Eliminating Gas from Beans
For some, the greatest obstacle to preparing beans is not the lack of a
good recipe but an aversion to the discomfort associated with digestion.
The creation of unwanted intestinal gas begins with the arrival of
small chains of carbohydrates (called oligosaccharides) into the large
intestine. People cannot digest these molecules efficiently, but
bacteria residing at the end of the gut do and produce gas as a
byproduct. Some sources say that presoaking or precooking beans
alleviates gas production by removing these carbohydrates. Our science
editor decided to put these theories to the test by measuring the amount
of one of the most prevalent small carbohydrates in black beans,
stachyose.
His results gave the theories some credence. Beans soaked overnight
in water and then cooked and drained showed a 28 percent reduction in
stachyose. The precooking, quick-soak, method, consisting of a
one-minute boil followed by a soak for an hour, was more effective,
removing 42.5 percent of the stachyose. While we have reservations about
the quick-soaking method, it might be the best way to prepare your
beans if they cause you significant discomfort.

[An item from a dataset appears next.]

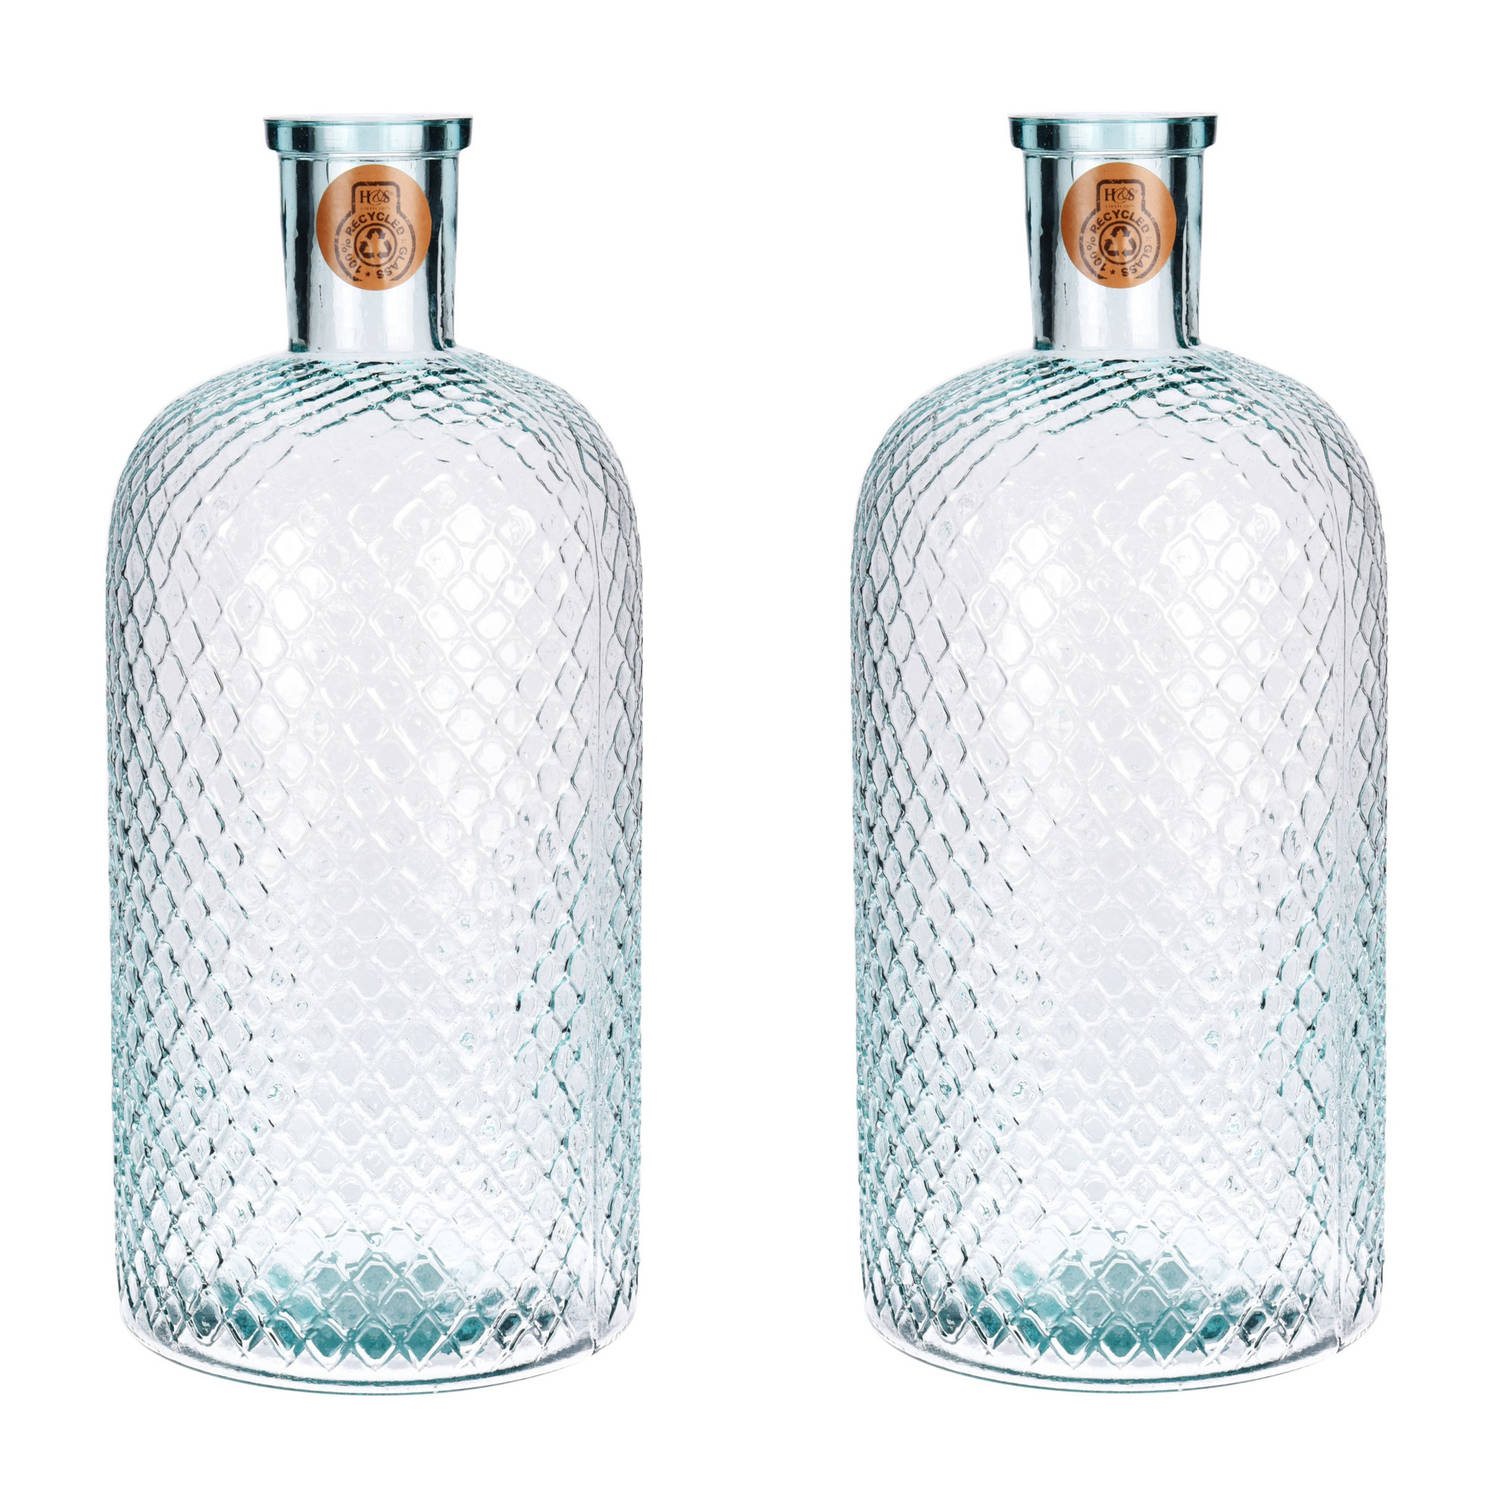 2x Glazen Vaas/vazen 8 Liter Van 19 X 42 Cm - Bloemenvazen - Glazen Vazen Voor Bloemen En Takken

Troubleshooting Hard Beans
Finally, if you’ve cooked your beans for hours and found they failed to
soften, chances are they are either old and stale (and will never fully
hydrate or soften), the water is too hard, or there’s a acidic element
present. Food scientists universally agree that high acidity can
interfere with the softening of the cellulose-based bean cells, causing
them to remain hard no matter how long they cook. Alkalinity, on the
other hand, has the opposite effect on legumes. Alkalines make the bean
starches more soluble and thus cause the beans to cook faster. (Older
bean recipes often included a pinch of baking soda for its alkalinity,
but because baking soda has been shown to destroy valuable nutrients,
few contemporary recipes suggest this shortcut.)
But how much acid is too much acid? At what pH level is there a
negative impact on the beans? We cooked four batches of small white
beans in water altered with vinegar to reach pH levels of 3, 5, 7, and
9. We brought them to a boil, reduced the heat to a low simmer, and
tested the beans every 30 minutes for texture and doneness. The beans
cooked at a pH of 3 (the most acidic) remained crunchy and tough-skinned
despite being allowed to cook 30 minutes longer than the other three
batches. The beans cooked at pHs of 5, 7, and 9 showed few differences,
although the 9 pH batch finished a few minutes ahead of the 7 pH batch
and about 20 minutes ahead of the 5 pH batch. Acidity, then, must be
relatively high to have any significant impact on beans. So in real
world terms, season with discretion and don’t add a whole bottle of
vinegar or wine to your beans until they are tender.